▸ HOW TO COMPLETE THIS TASK
Nothing in the copy should be a picture; everything else in the listing is to be restated exactly.

▸ GIVEN MATERIAL
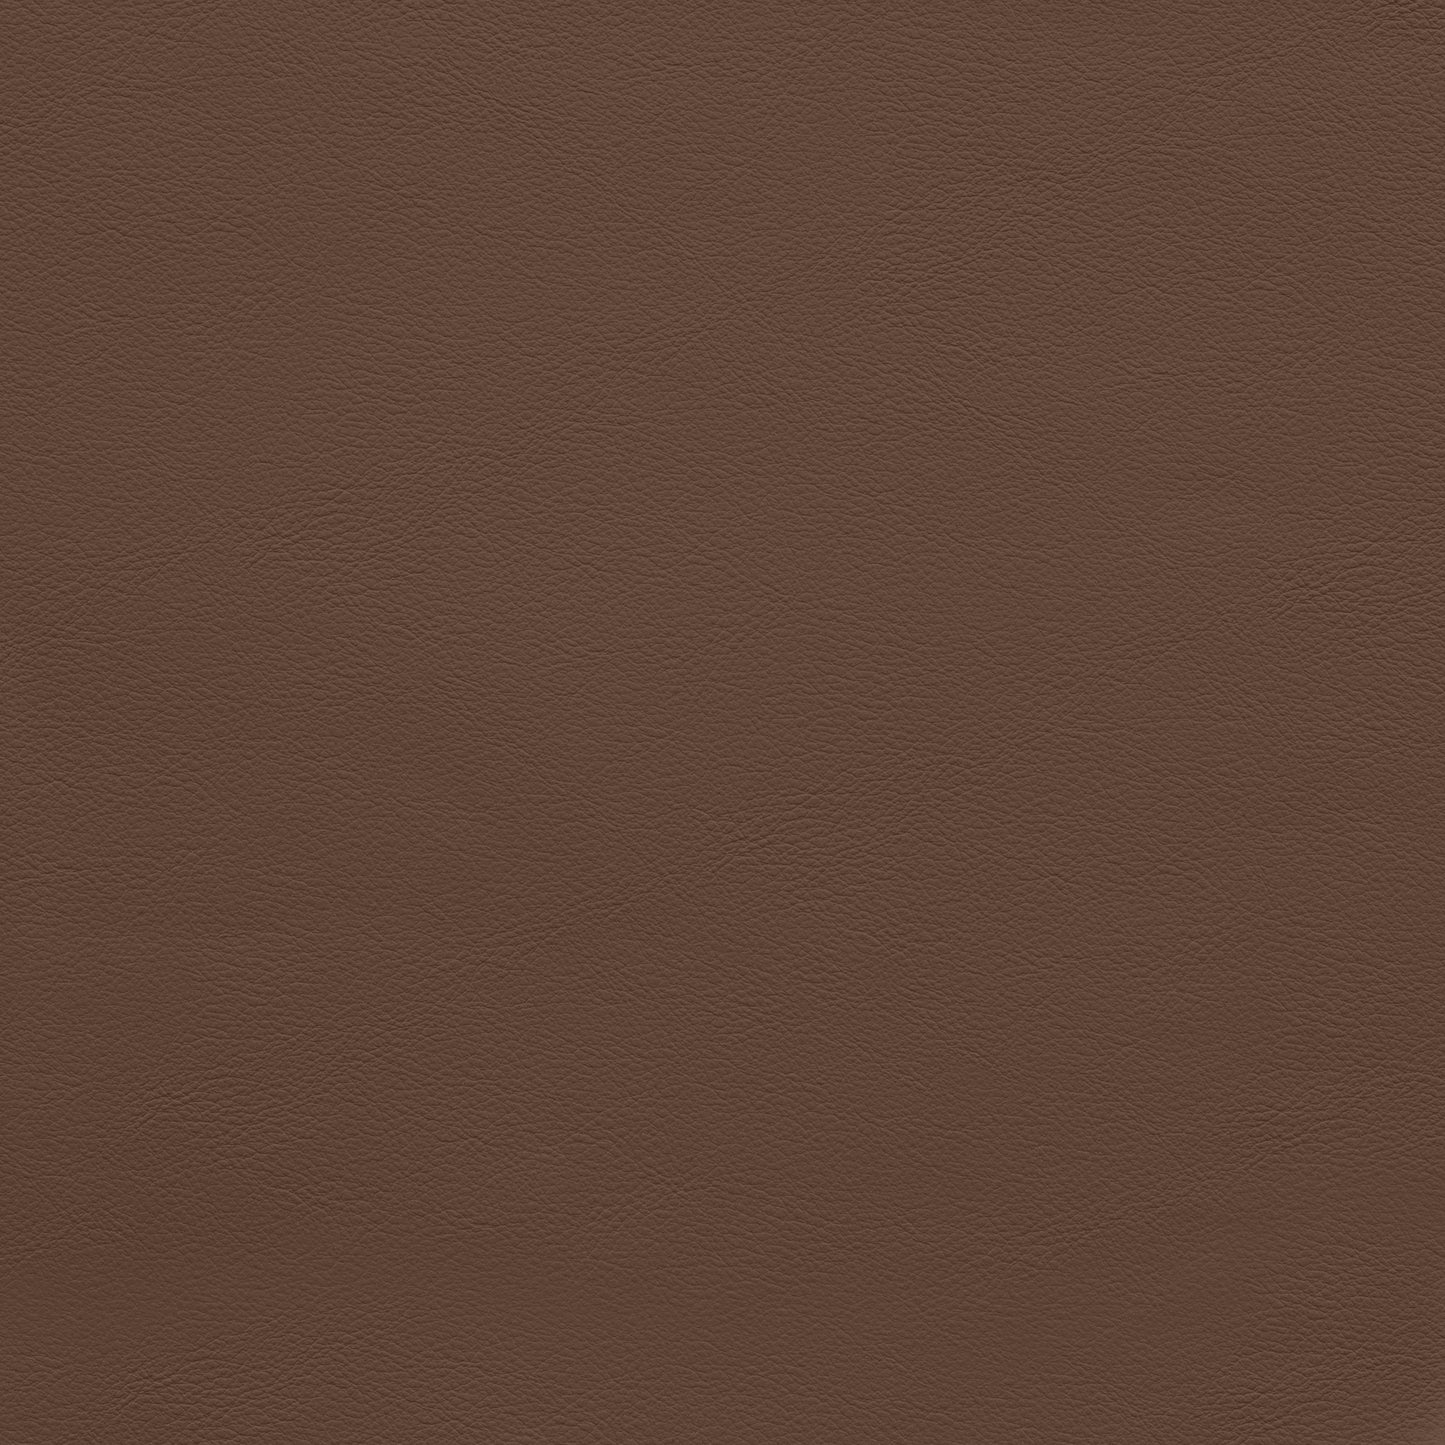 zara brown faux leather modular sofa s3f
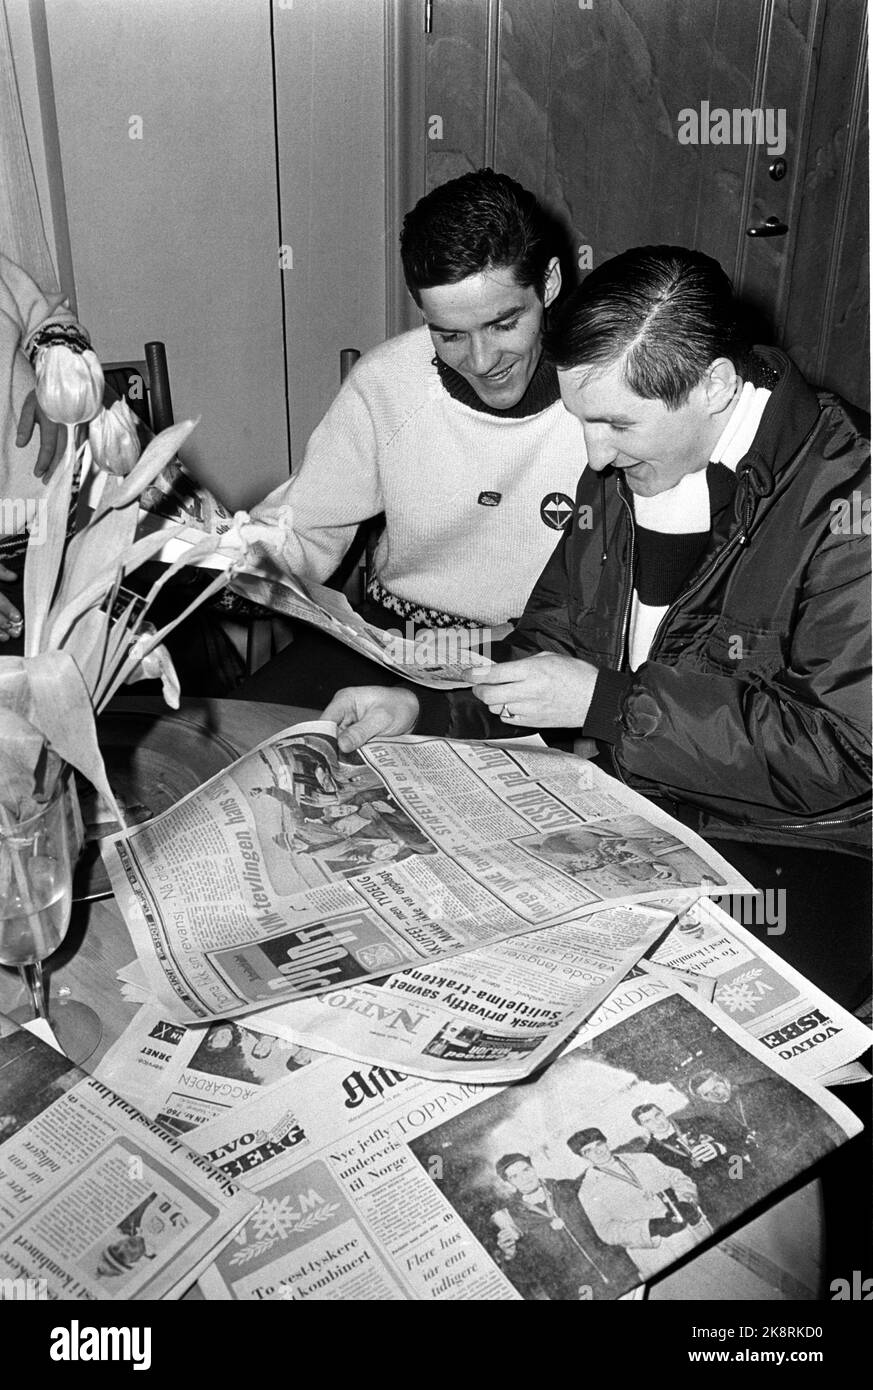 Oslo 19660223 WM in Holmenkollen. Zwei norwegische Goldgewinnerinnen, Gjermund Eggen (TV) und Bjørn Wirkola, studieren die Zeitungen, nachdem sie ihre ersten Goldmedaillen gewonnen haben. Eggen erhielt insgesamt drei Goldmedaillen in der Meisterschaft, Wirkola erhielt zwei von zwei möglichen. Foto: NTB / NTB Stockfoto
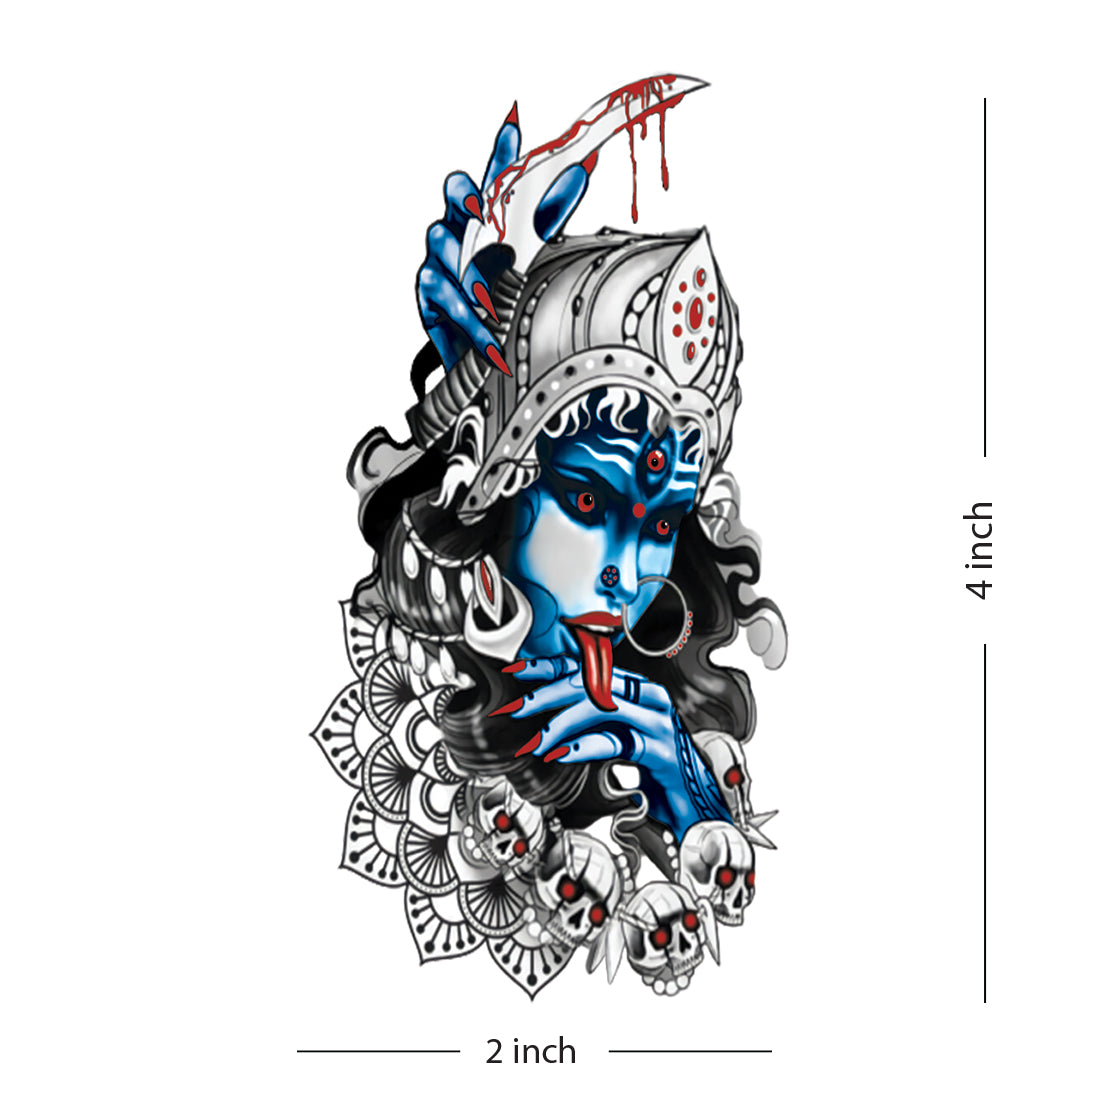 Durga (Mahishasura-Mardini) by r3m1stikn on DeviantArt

▸ SOLUTION FOR THIS PROBLEM
 zara brown faux leather modular sofa s3f
 Oslo 19660223 WM in Holmenkollen. Zwei norwegische Goldgewinnerinnen, Gjermund Eggen (TV) und Bjørn Wirkola, studieren die Zeitungen, nachdem sie ihre ersten Goldmedaillen gewonnen haben. Eggen erhielt insgesamt drei Goldmedaillen in der Meisterschaft, Wirkola erhielt zwei von zwei möglichen. Foto: NTB / NTB Stockfoto
 Durga (Mahishasura-Mardini) by r3m1stikn on DeviantArt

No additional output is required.